- [Task description]: In duplicating the lines below, keep every word unchanged and drop the pictures.

- [The data]:
= Beginning of Section =

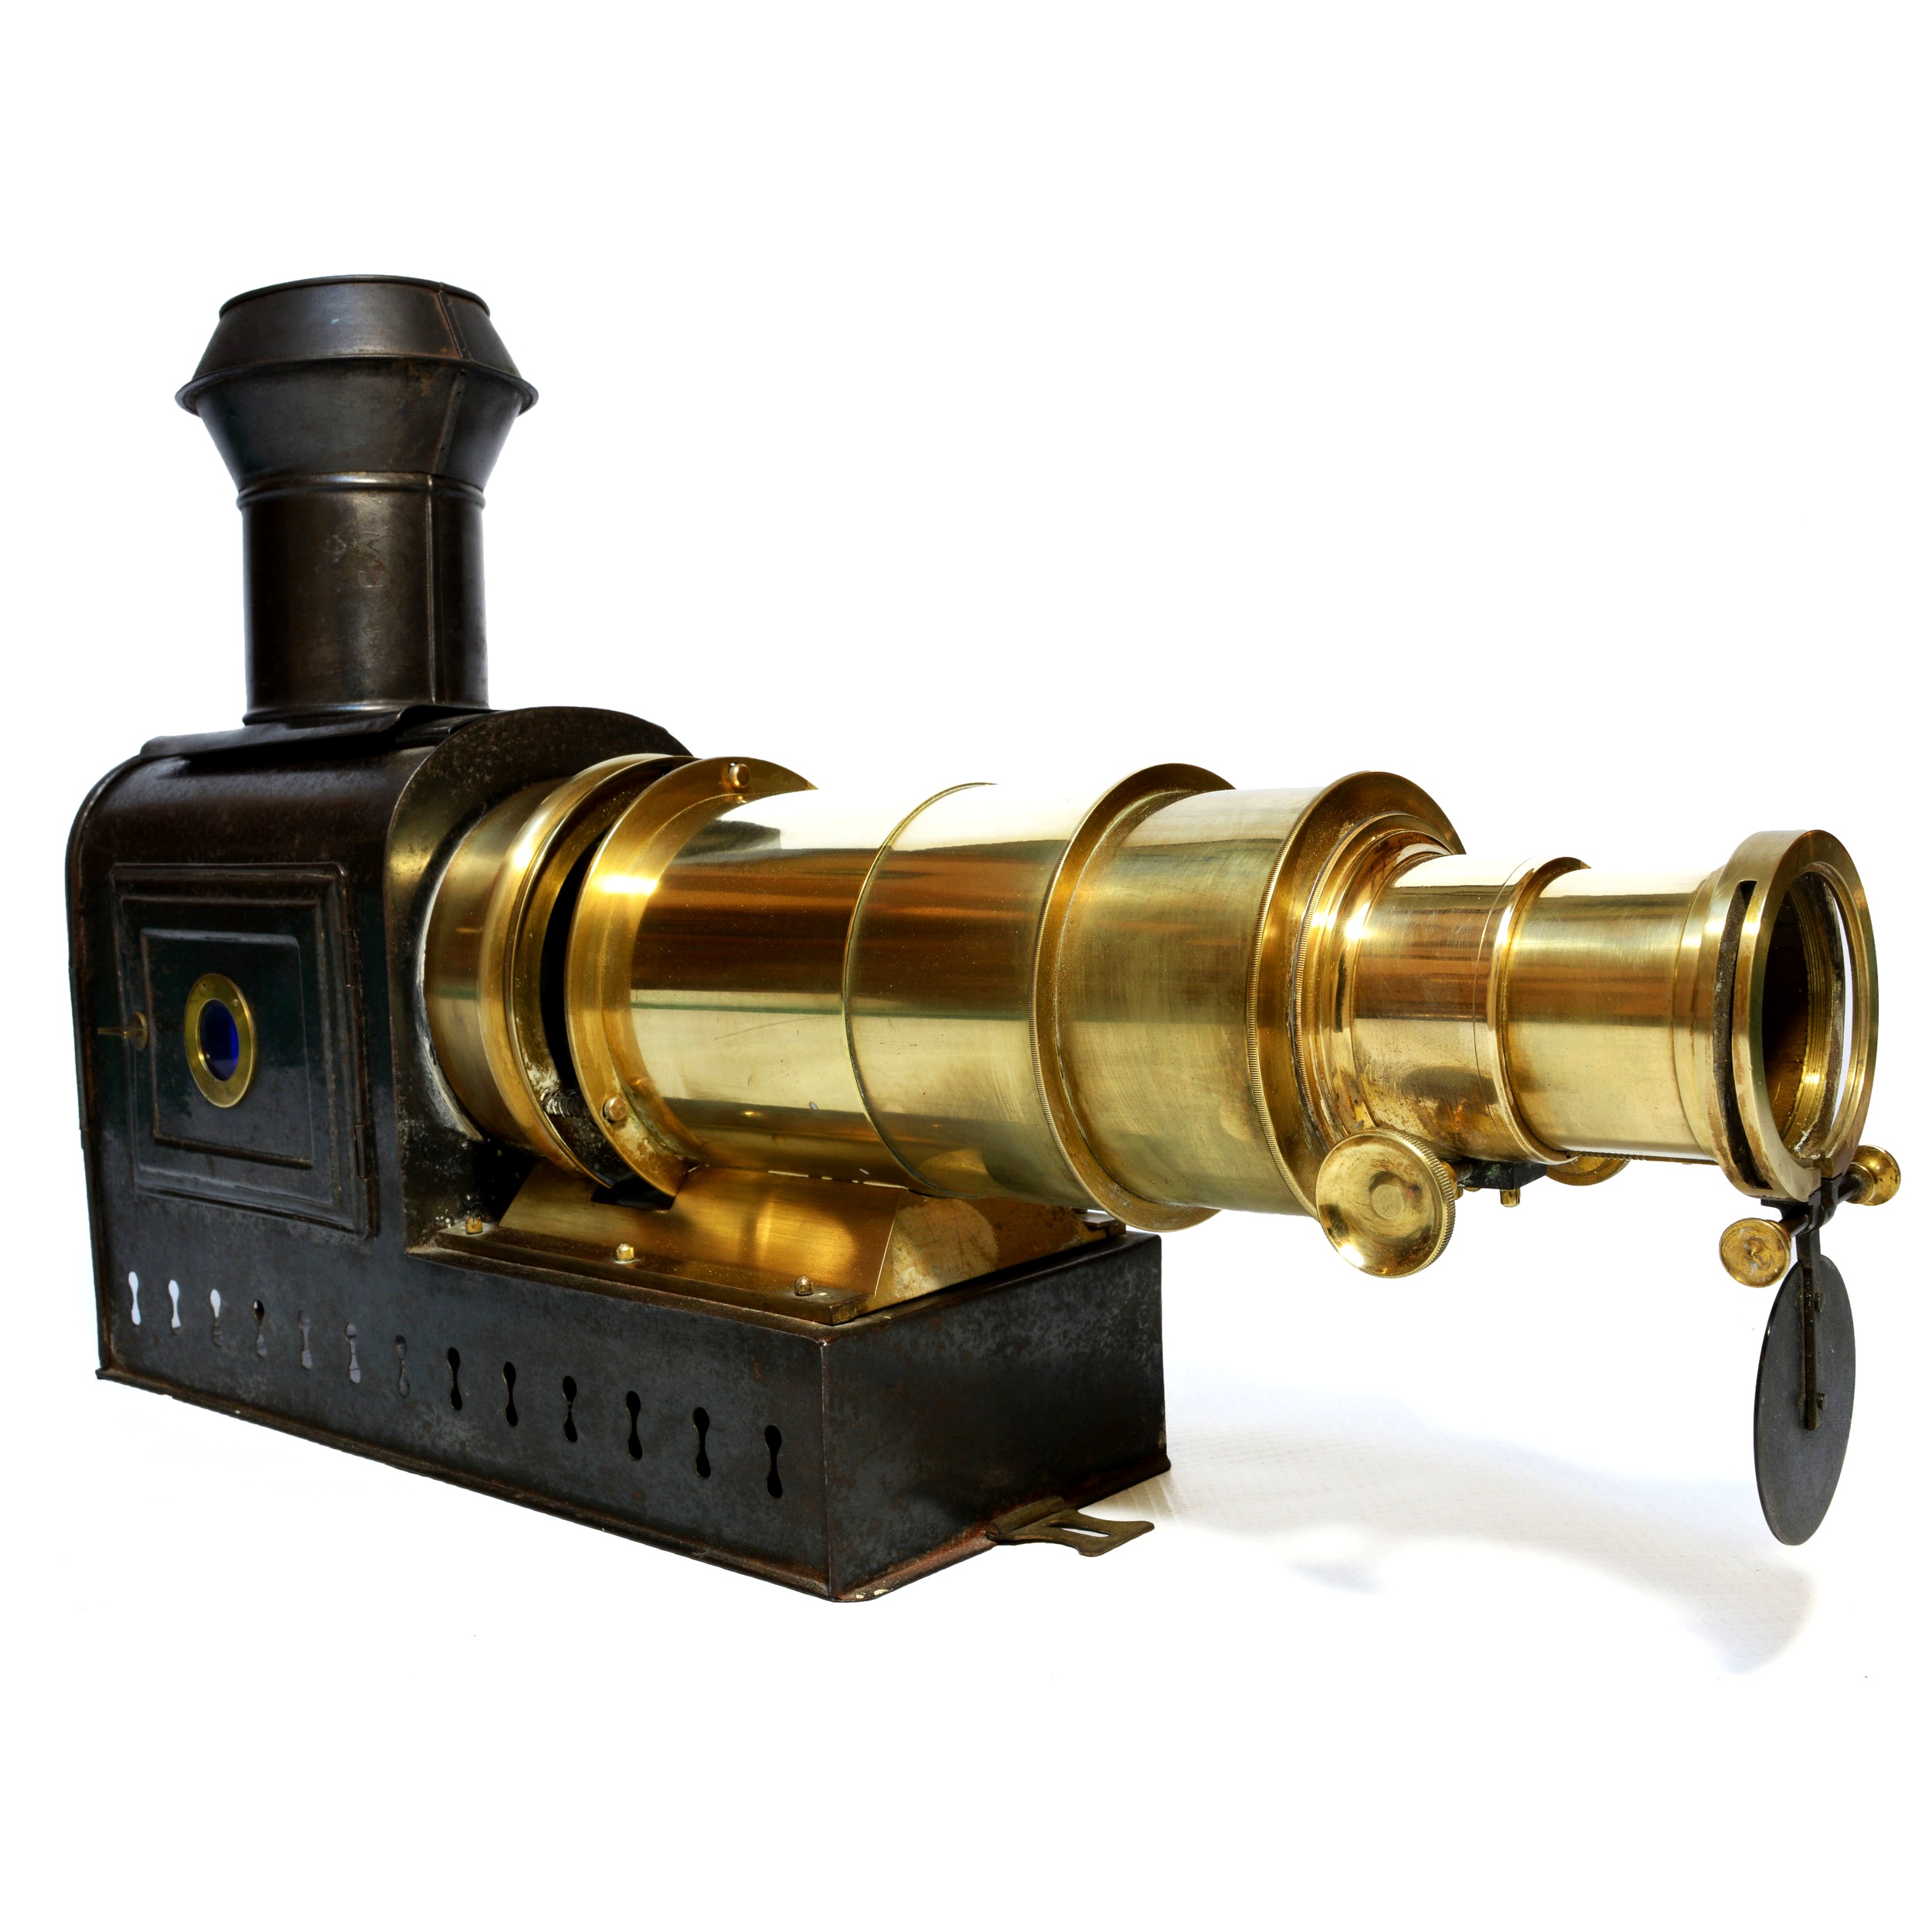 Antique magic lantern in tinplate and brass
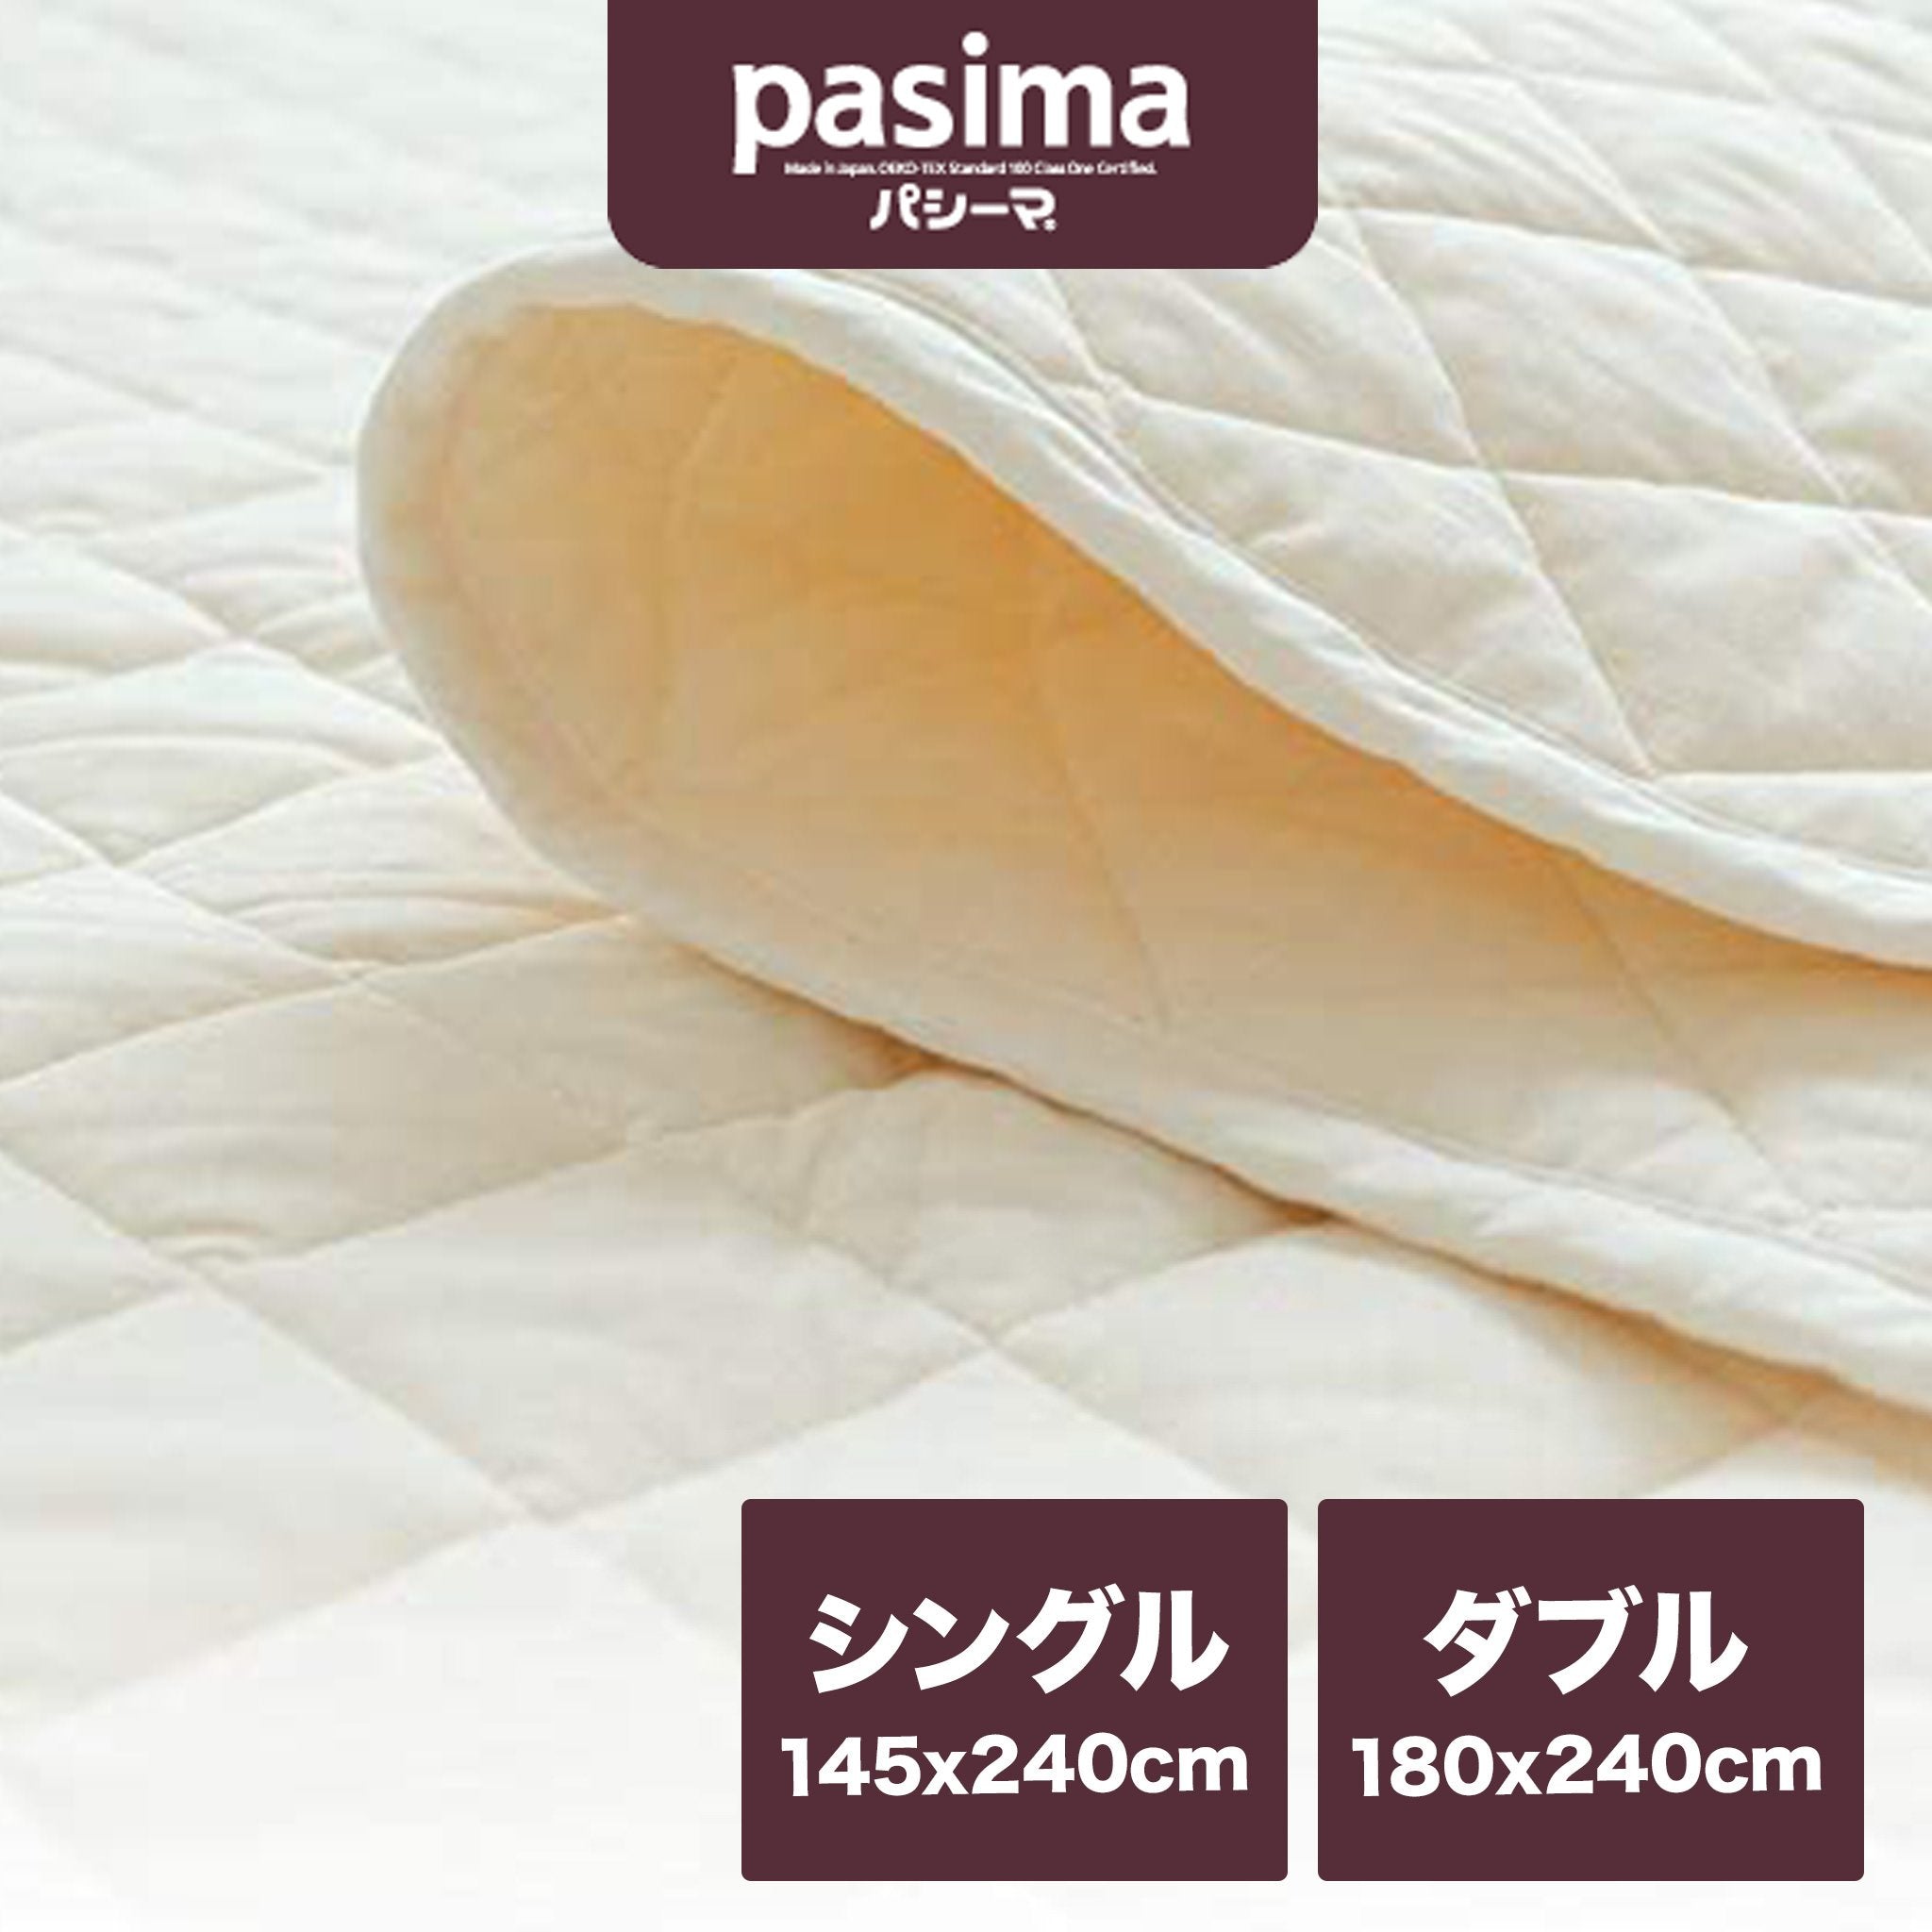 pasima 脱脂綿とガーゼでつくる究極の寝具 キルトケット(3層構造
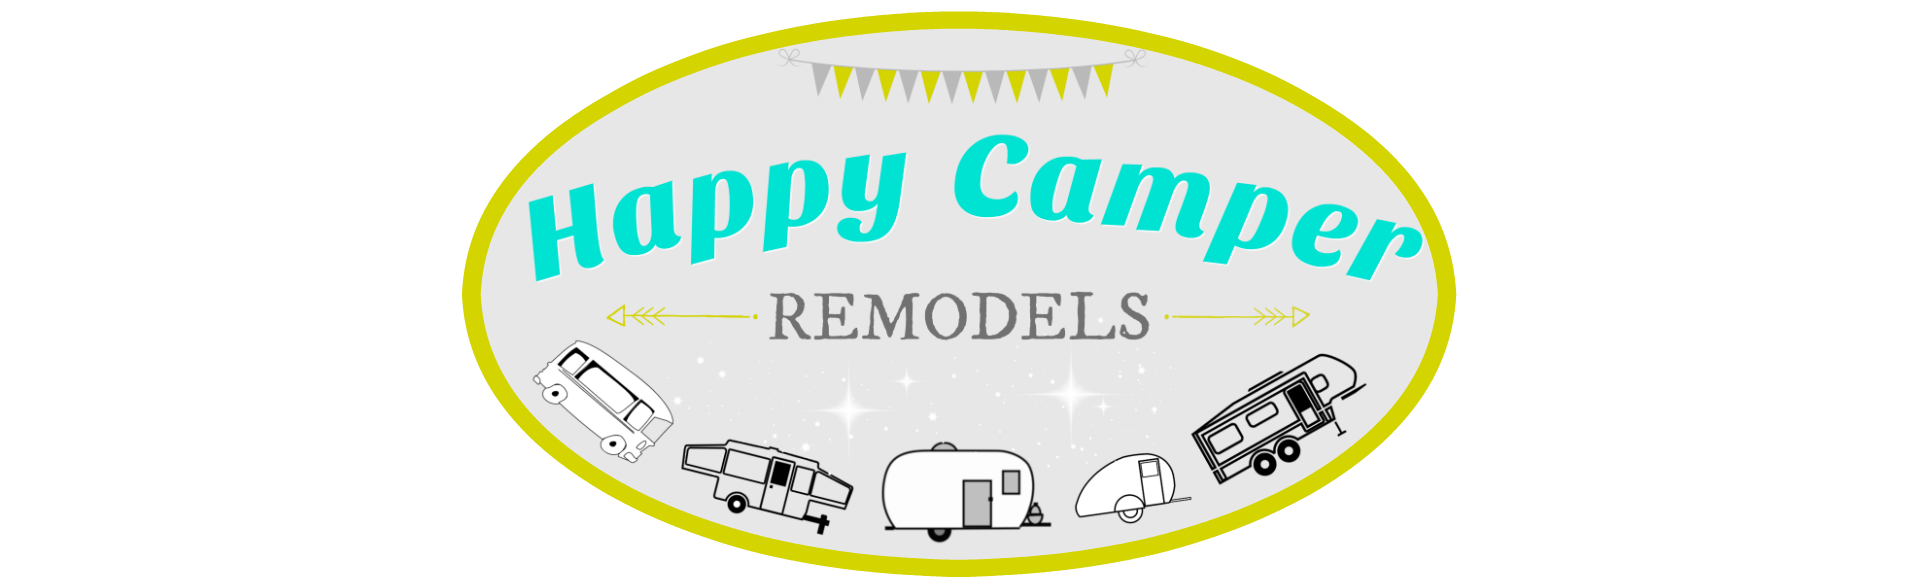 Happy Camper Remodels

= End of Section =

- [Problem solution]:
 Antique magic lantern in tinplate and brass
 pasima 脱脂綿とガーゼでつくる究極の寝具 キルトケット(3層構造
 Happy Camper Remodels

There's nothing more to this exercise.